The WorkFirst program is projected to have a shortfall of over $100 million for the 2005-07 biennium. In the summer of 2005, Governor Gregoire convened the WorkFirst Reexamination Workgroup to conduct a full-scale review of the program. At the Governor's request, the Workgroup submitted recommendations intended to make the program sustainable based on its current budget. The Governor did not propose implementing all of the cuts the Workgroup recommended; however, the Governor did propose full family sanctions for all TANF recipients who are not actively participating in the program.

Summary of Substitute Bill: Current law is changed to require DSHS to exempt families refusing to meet participation requirements from full-family sanctions. DSHS must maintain child safety net payments of no less than sixty percent of a family's monthly grant, and the grant must be paid to a protective payee.

Substitute Bill Compared to Original Bill: When a family is receiving child safety net payments, a protective payee must be assigned to pay for the basic needs of the household and to hold the remaining funds to provide for the needs of the child.

Appropriation: None.

Fiscal Note: Available.

Committee/Commission/Task Force Created: No.

Effective Date: Ninety days after adjournment of session in which bill is passed.

Testimony For (Human Services & Corrections): Children are unable to choose their parents. There must be a way in which to make sure that the children are not cut off from their basic needs while encouraging parents to participate in their work activities. Sanctioned families are more likely to end up in the child welfare system. The measure of success should be getting families into jobs with livable wages. DSHS caseworkers appear to be experiencing pressure to get TANF recipients off of the rolls. It is very important to support families and keep them together. This tendency should be assessed prior to imposing full family sanctions.

Testimony Against (Human Services & Corrections): This is part of the WorkFirst Re-Examination Project.
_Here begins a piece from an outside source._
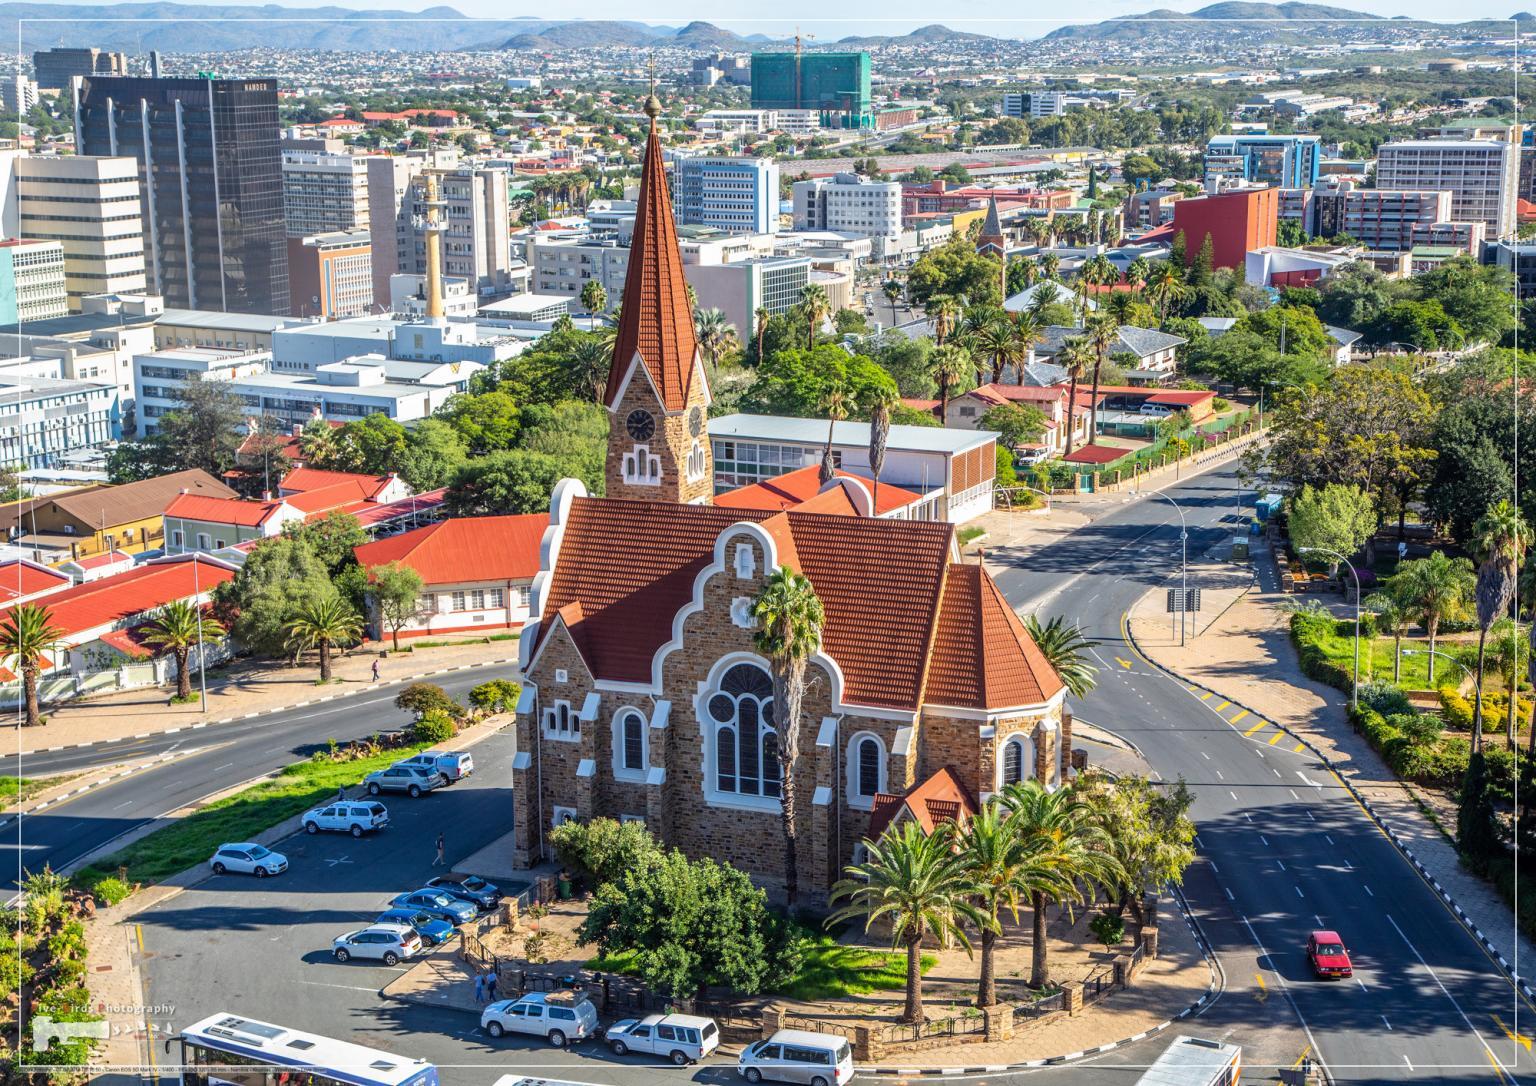 The famous Christ Church in Namibia's capital Windhoek
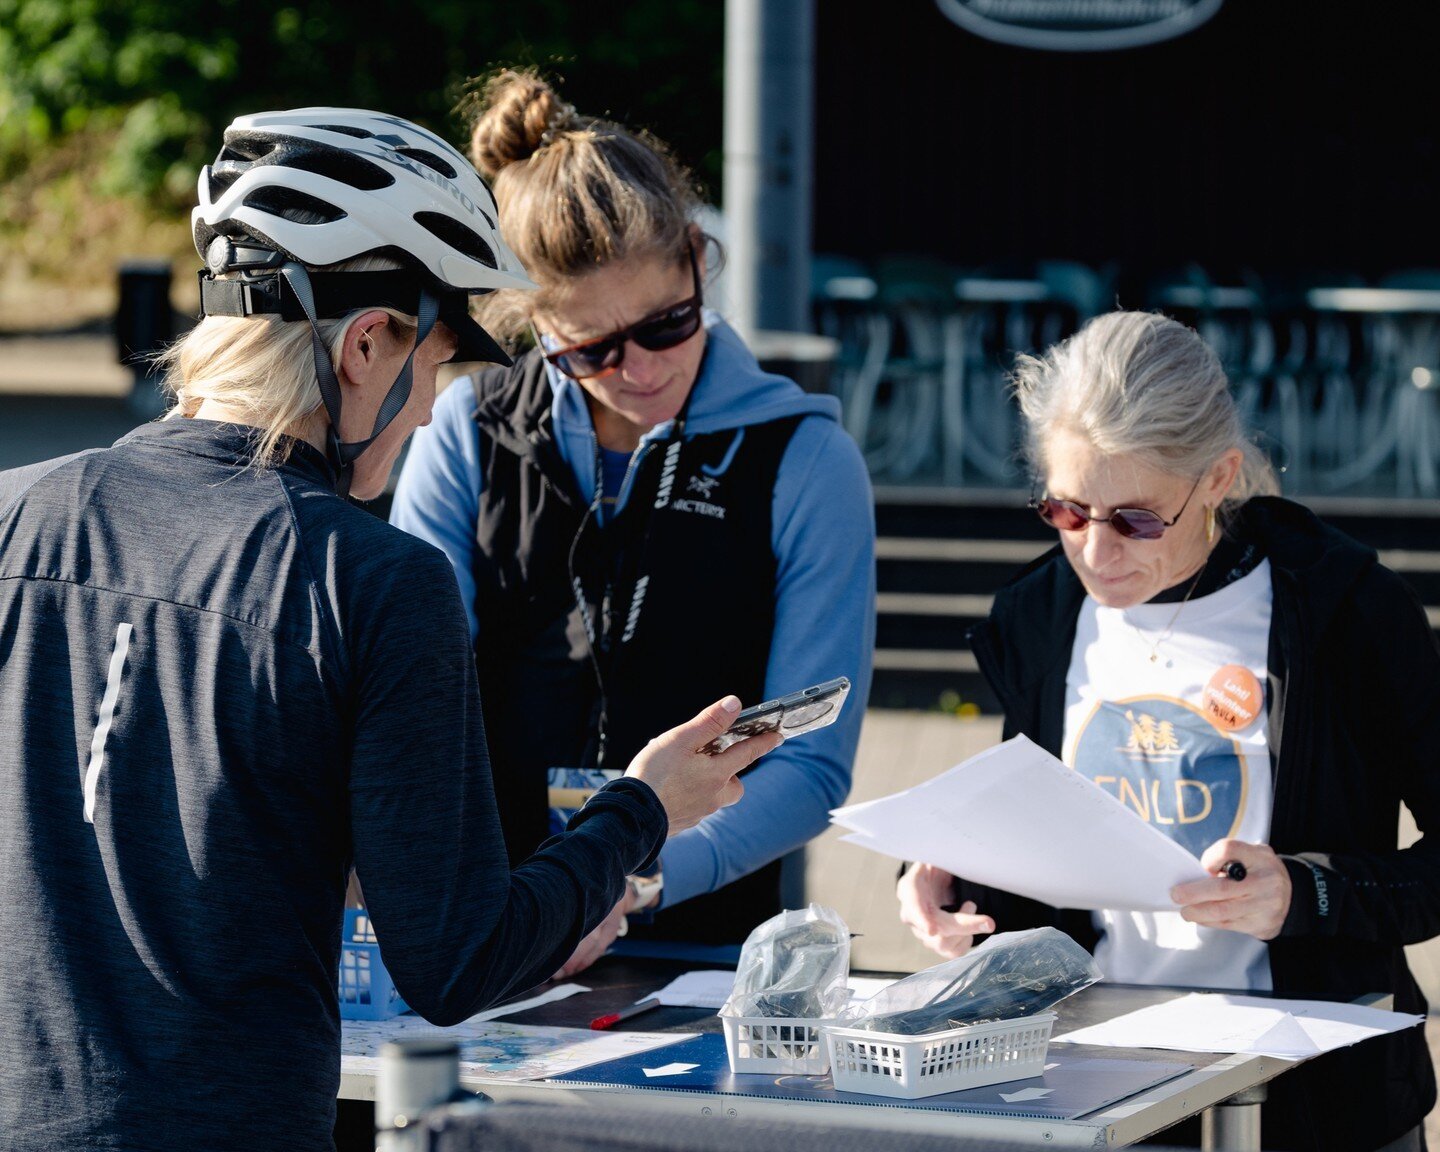 We are excited to return to Lahti in just a few short months! Did you know, we are always looking for volunteers to help us out for the event. Our events wouldn&rsquo;t be what they are without our amazing volunteers. Anyone is invited to sign up to

DSHS must work to make the TANF program sustainable. The department is corroborating the self-reported reasons for sanctions. Caseworkers are able to provide clothing and transportation assistance. People are not sanctioned because of domestic violence, lack of transportation or lack of child care. The Governor's proposal allows 6 months prior to the imposition of full-family sanctions. In addition, caseworkers are required to work with families during that 6 month period to prevent the need for sanctions.

Who Testified (Human Services & Corrections): PRO: Senator Fairley, prime sponsor; Elizabeth Schott, citizen; Tyra Lindquist, Washington State Coalition Against Domestic Violence; Tony Lee, Freemont Public Association; Sarah Cherin, Children's Alliance,;Laurie Lippold, Children's Home Society; Monica Peabody and Holly Jones, Welfare Rights Organizing Coalition.

CON: Deb Marley, DSHS.

Testimony For (Ways & Means): This bill is important to protect children. The fiscal impact shown on the fiscal note may be too high. Instead of imposing full family sanctions, the Legislature could cut Job Search programs or direct the Governor to find savings in another manner.

Testimony Against (Ways & Means): None.

Who Testified (Ways & Means): PRO: Tony Lee, Fremont Public Association.